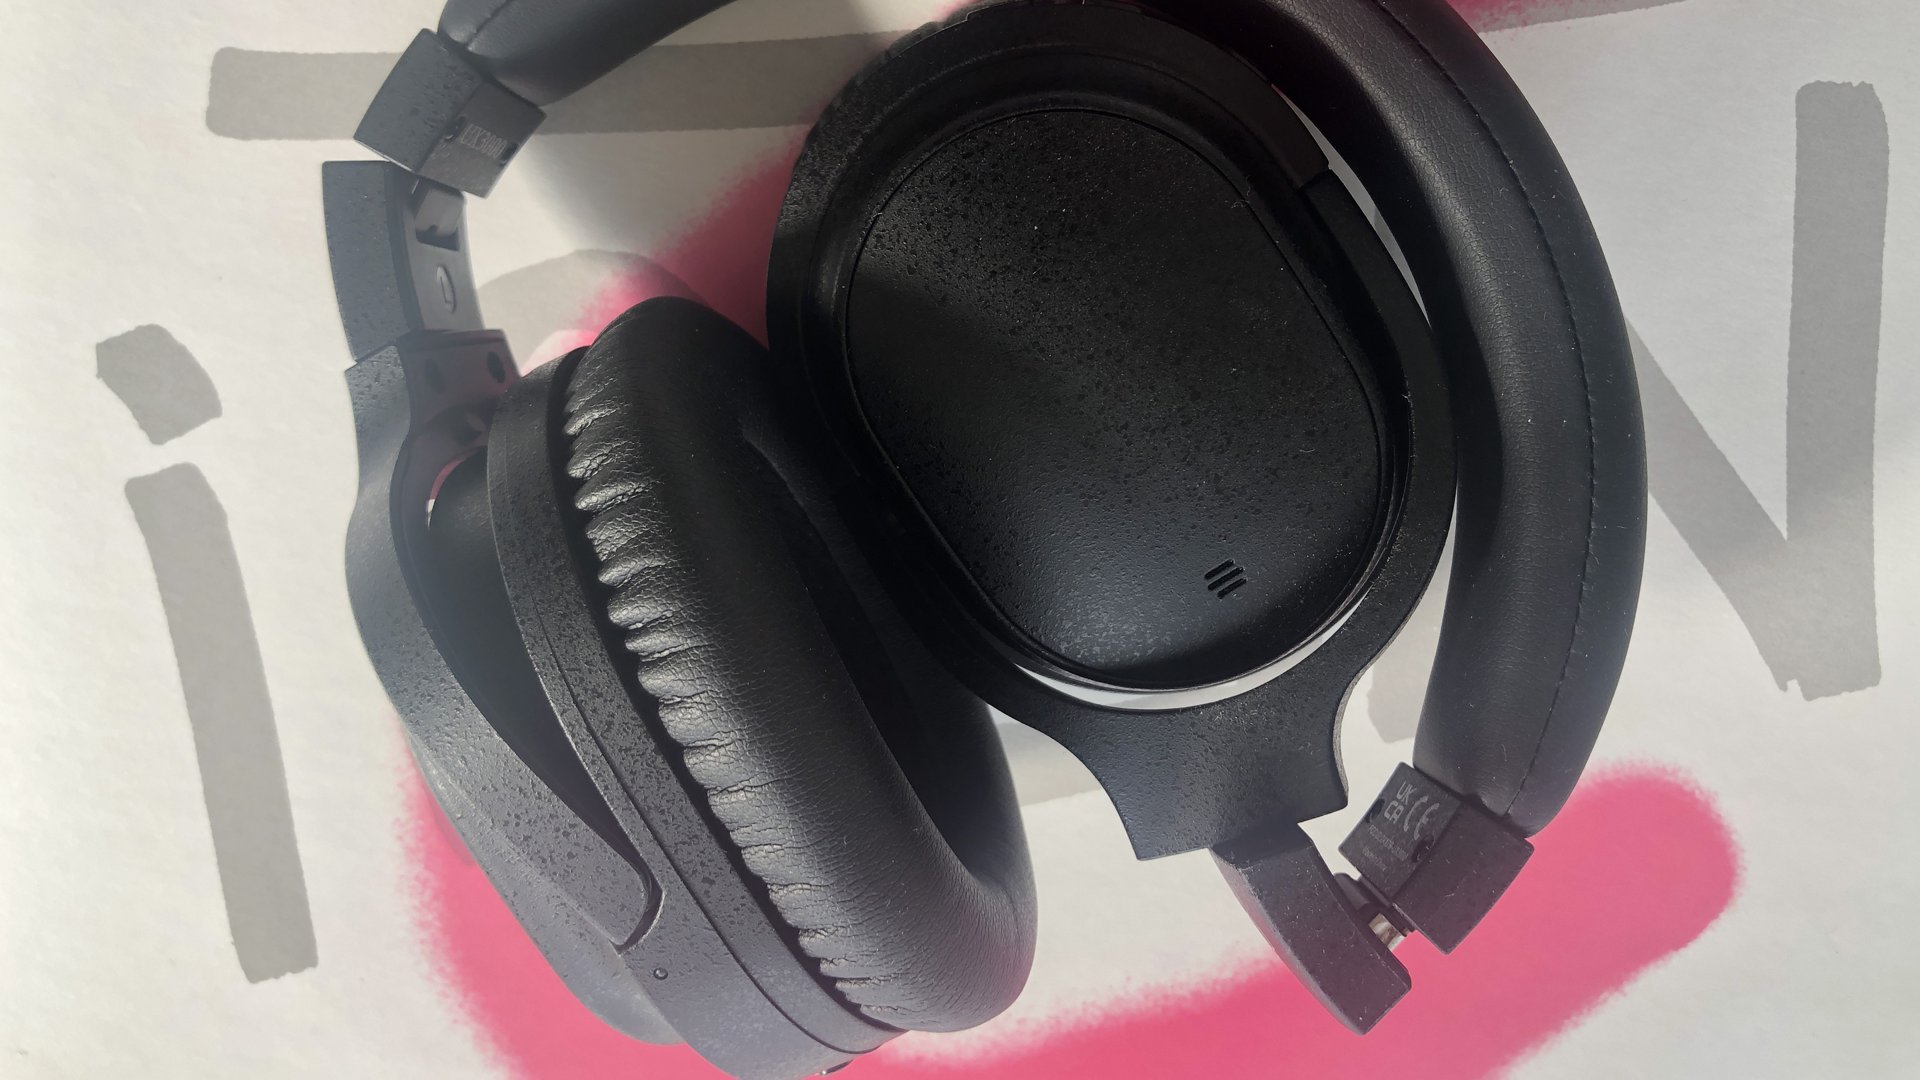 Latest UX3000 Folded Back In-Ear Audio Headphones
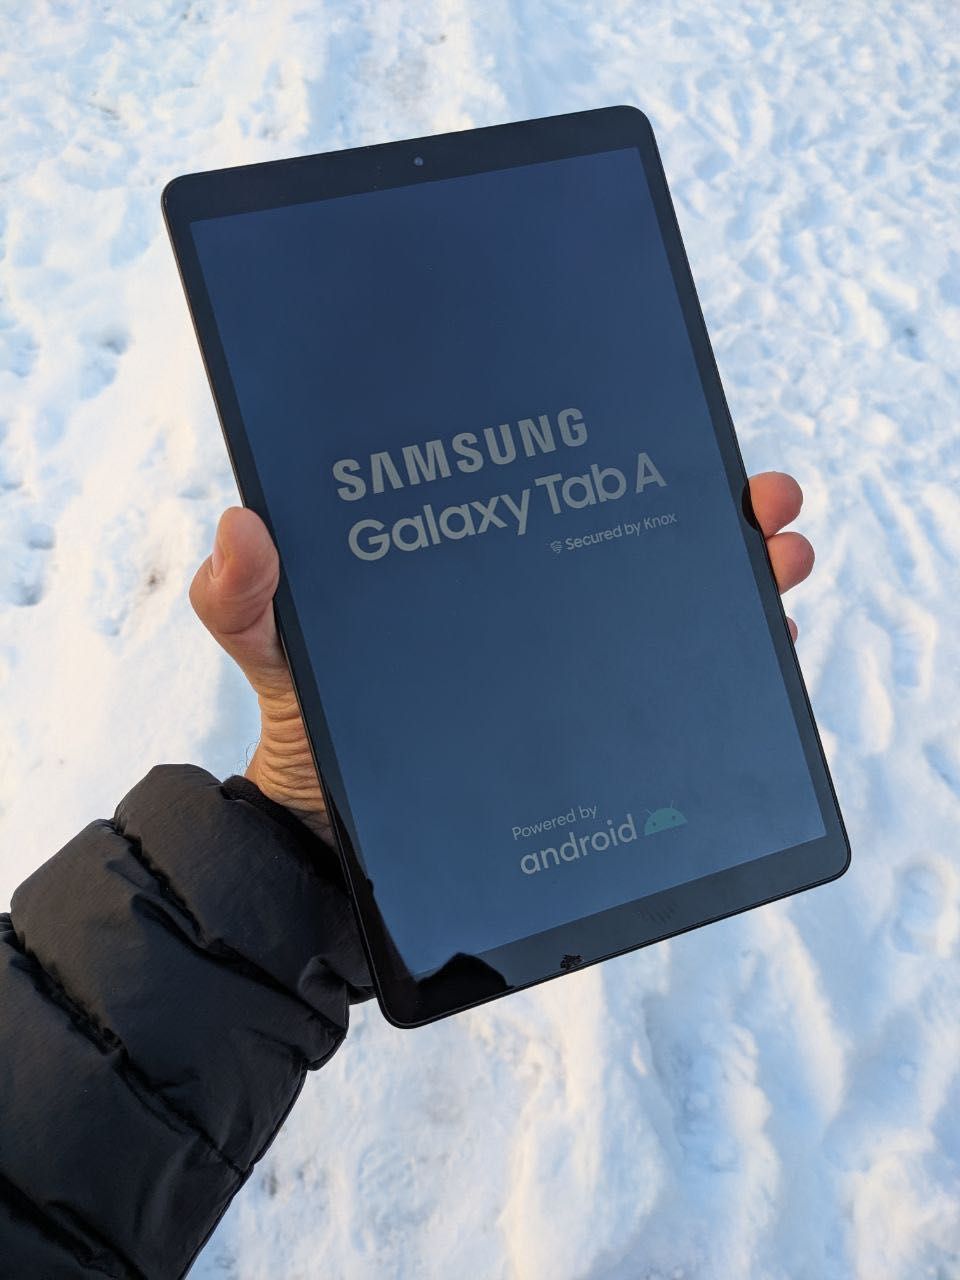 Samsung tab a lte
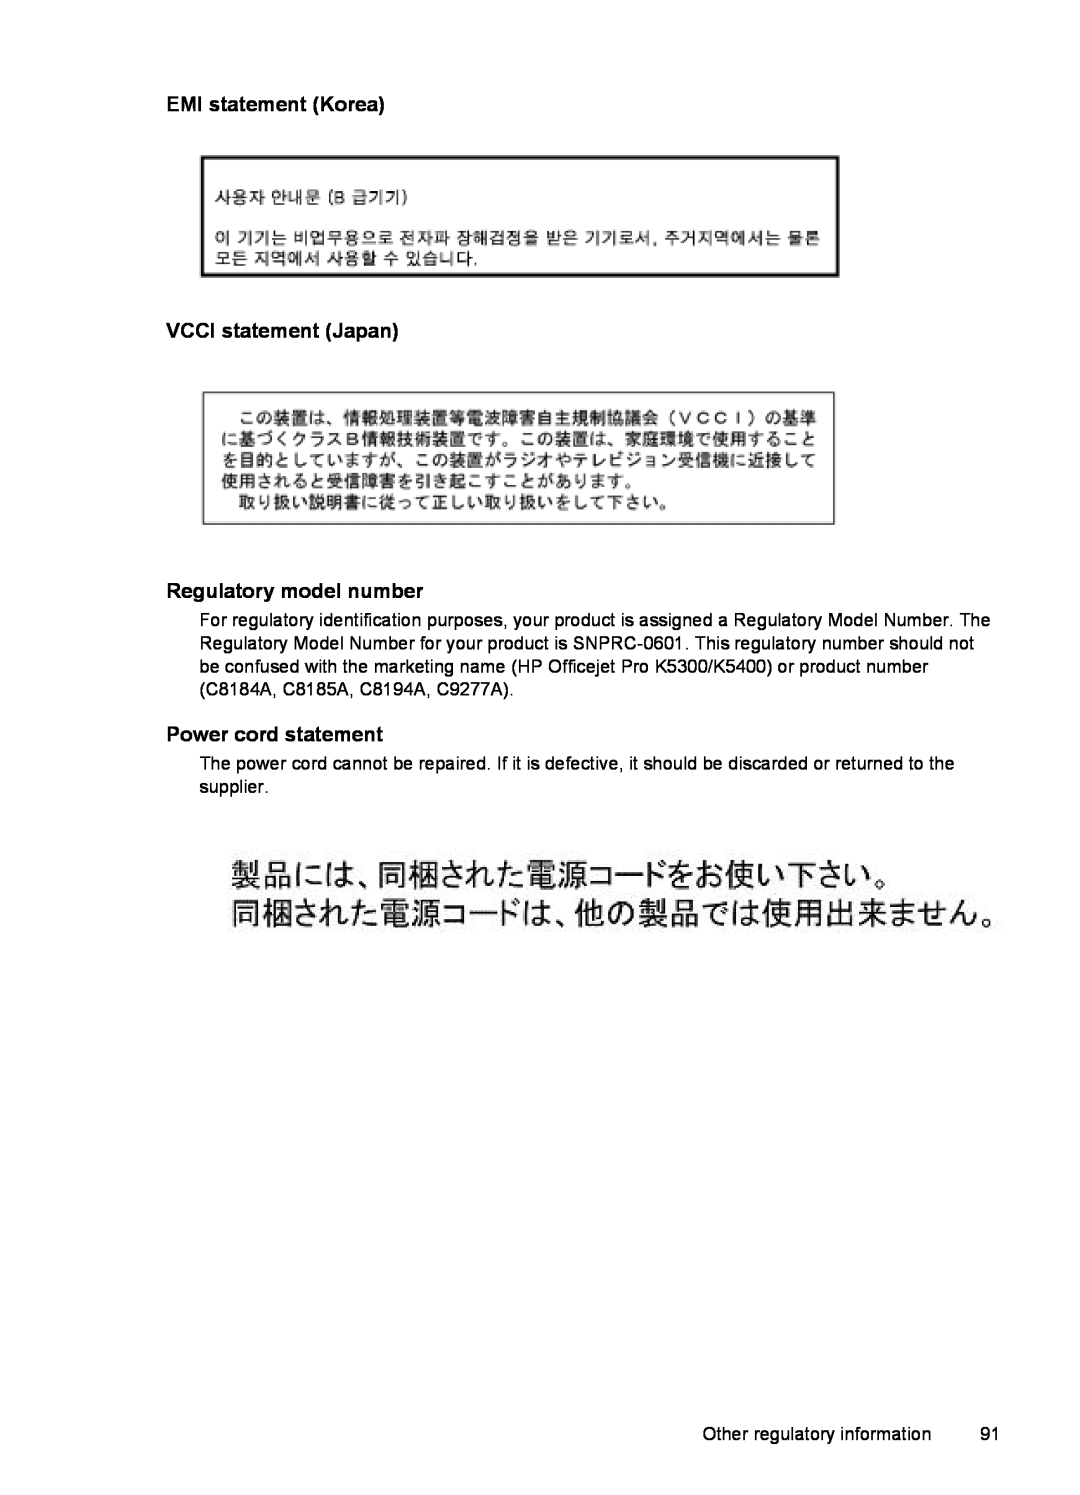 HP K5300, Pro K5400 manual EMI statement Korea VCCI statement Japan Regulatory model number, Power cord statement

Exercise description: Repeat each line above exactly as it reads, omitting any pictures.

Result below:
 Latest UX3000 Folded Back In-Ear Audio Headphones
 Samsung tab a lte
 HP K5300, Pro K5400 manual EMI statement Korea VCCI statement Japan Regulatory model number, Power cord statement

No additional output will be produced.